***** RECORDED INFORMATION

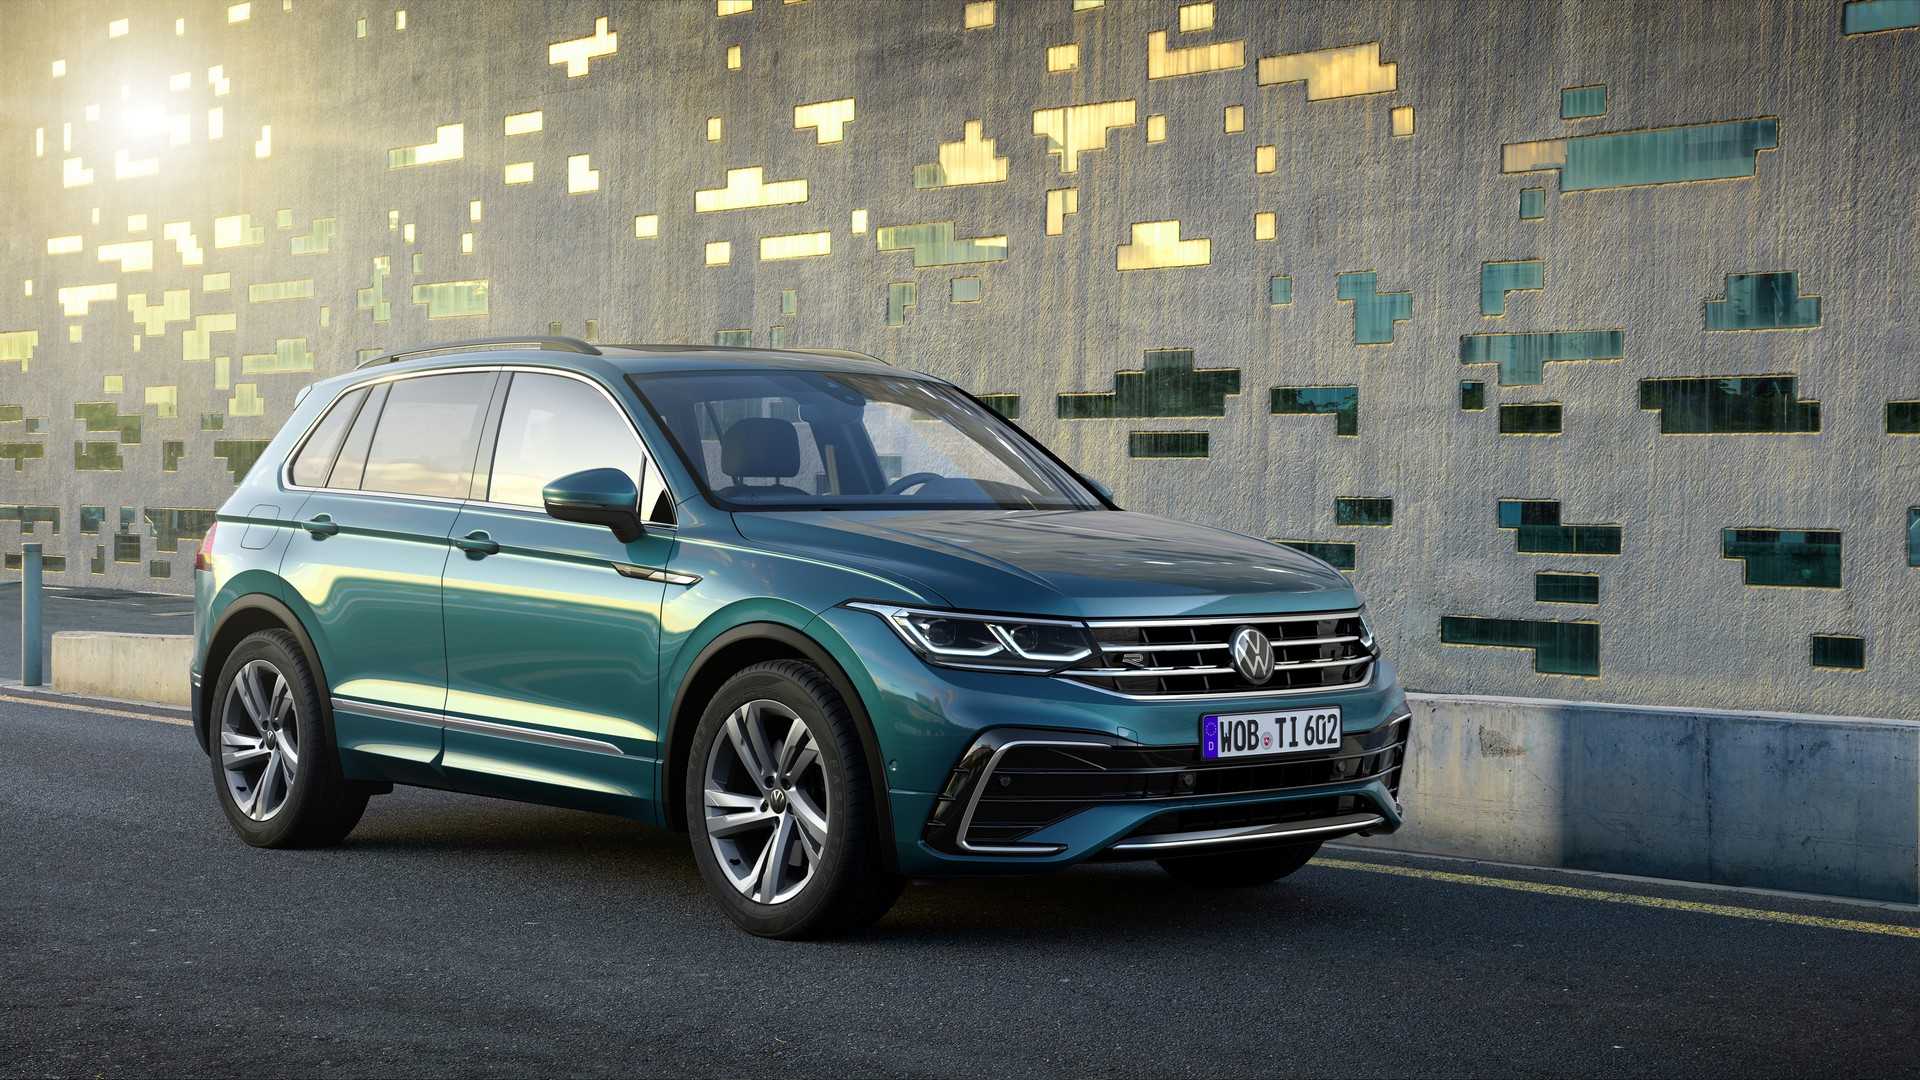 Volkswagen Tiguan 2020 r line
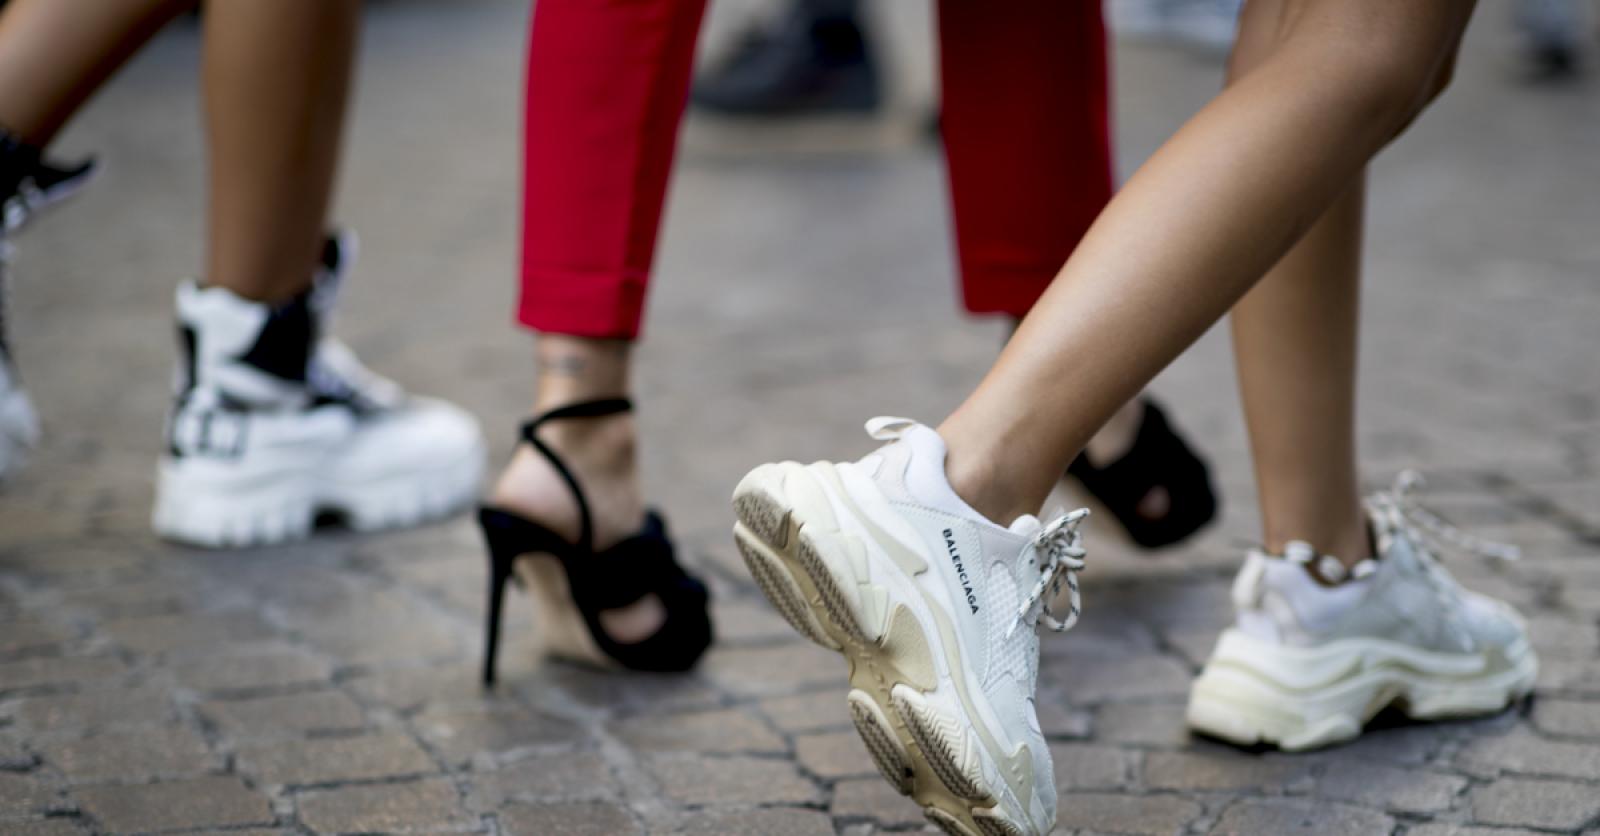 beweging Arctic het winkelcentrum 5 tips om witte sneakers terug stralend wit te krijgen
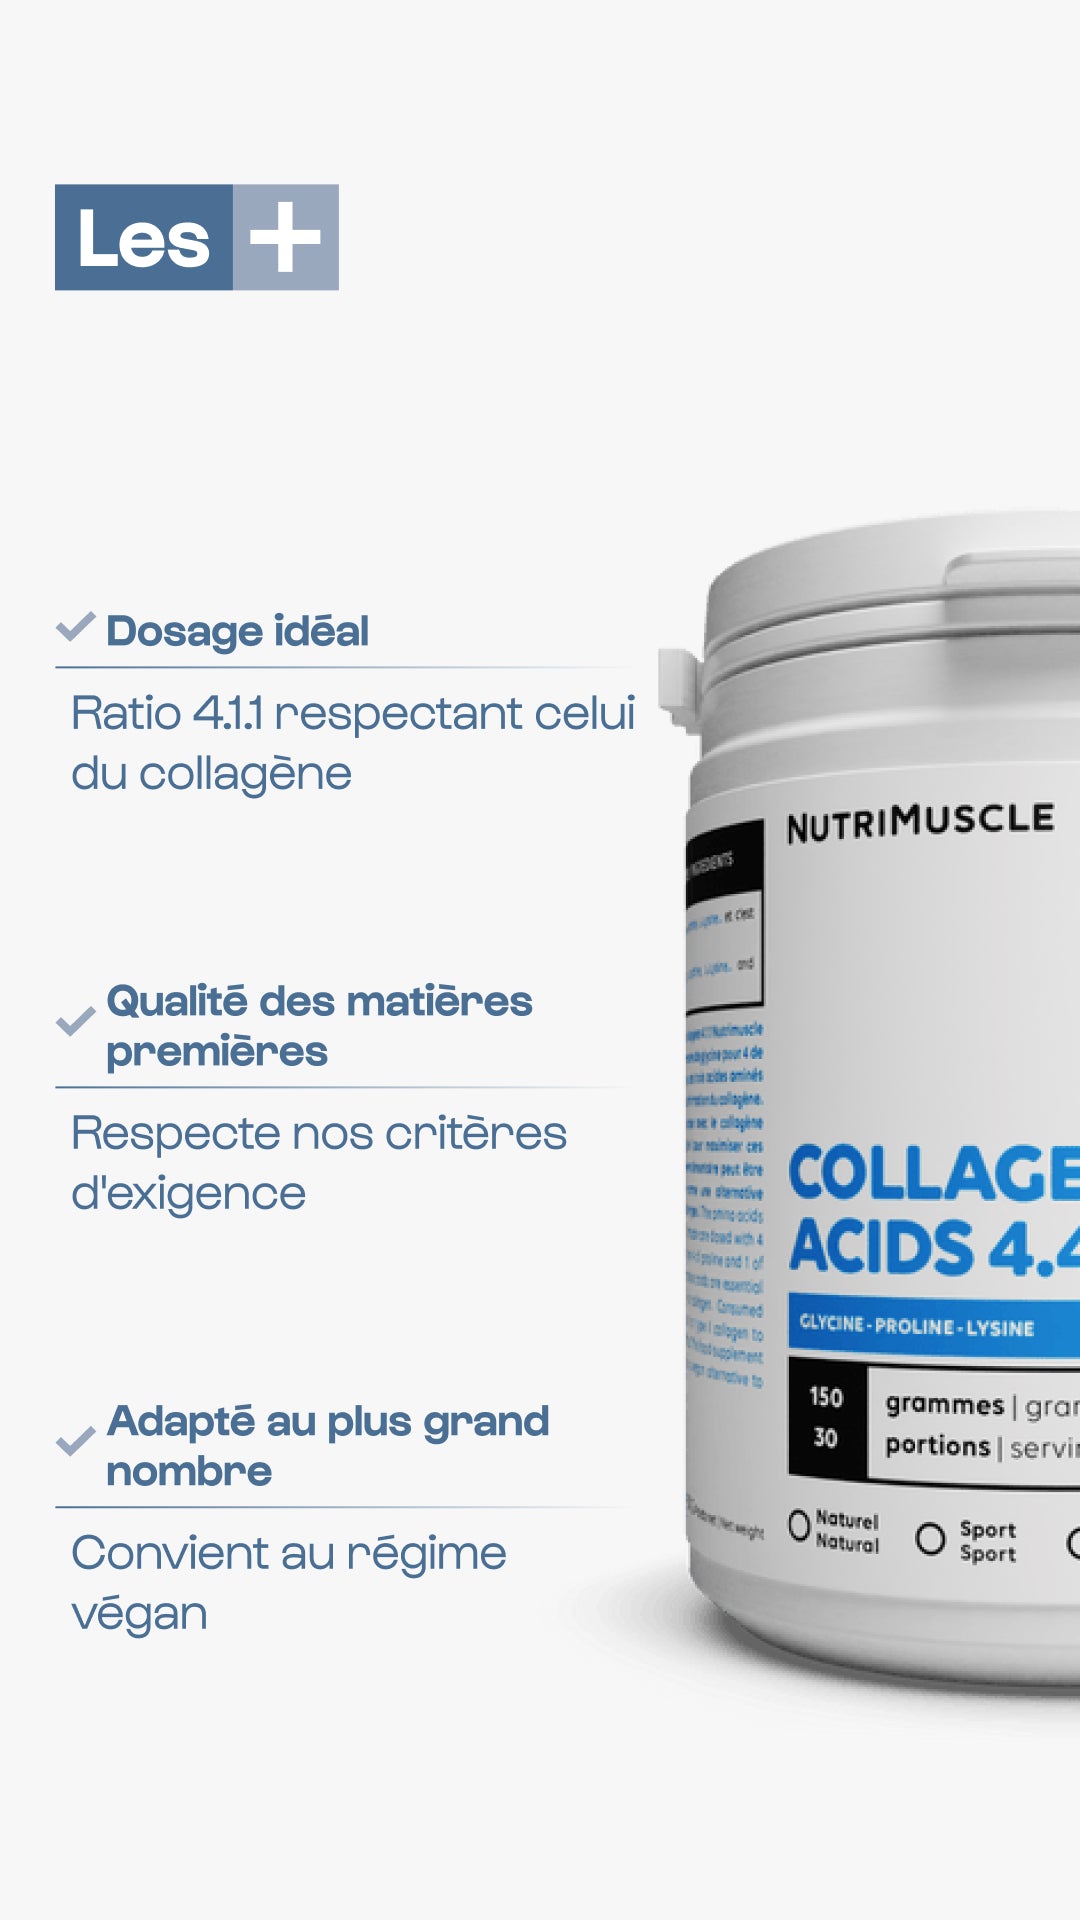 Un aminoacidi di collagene 4.4.1 polvere

**********

* [PROBLEM DESCRIPTION] Leave the pictures aside and print exactly, and only, the lines from the one with "beweging Arctic het" through the end of the data, both included.

* [TASK ANSWER]
 beweging Arctic het winkelcentrum 5 tips om witte sneakers terug stralend wit te krijgen
 Un aminoacidi di collagene 4.4.1 polvere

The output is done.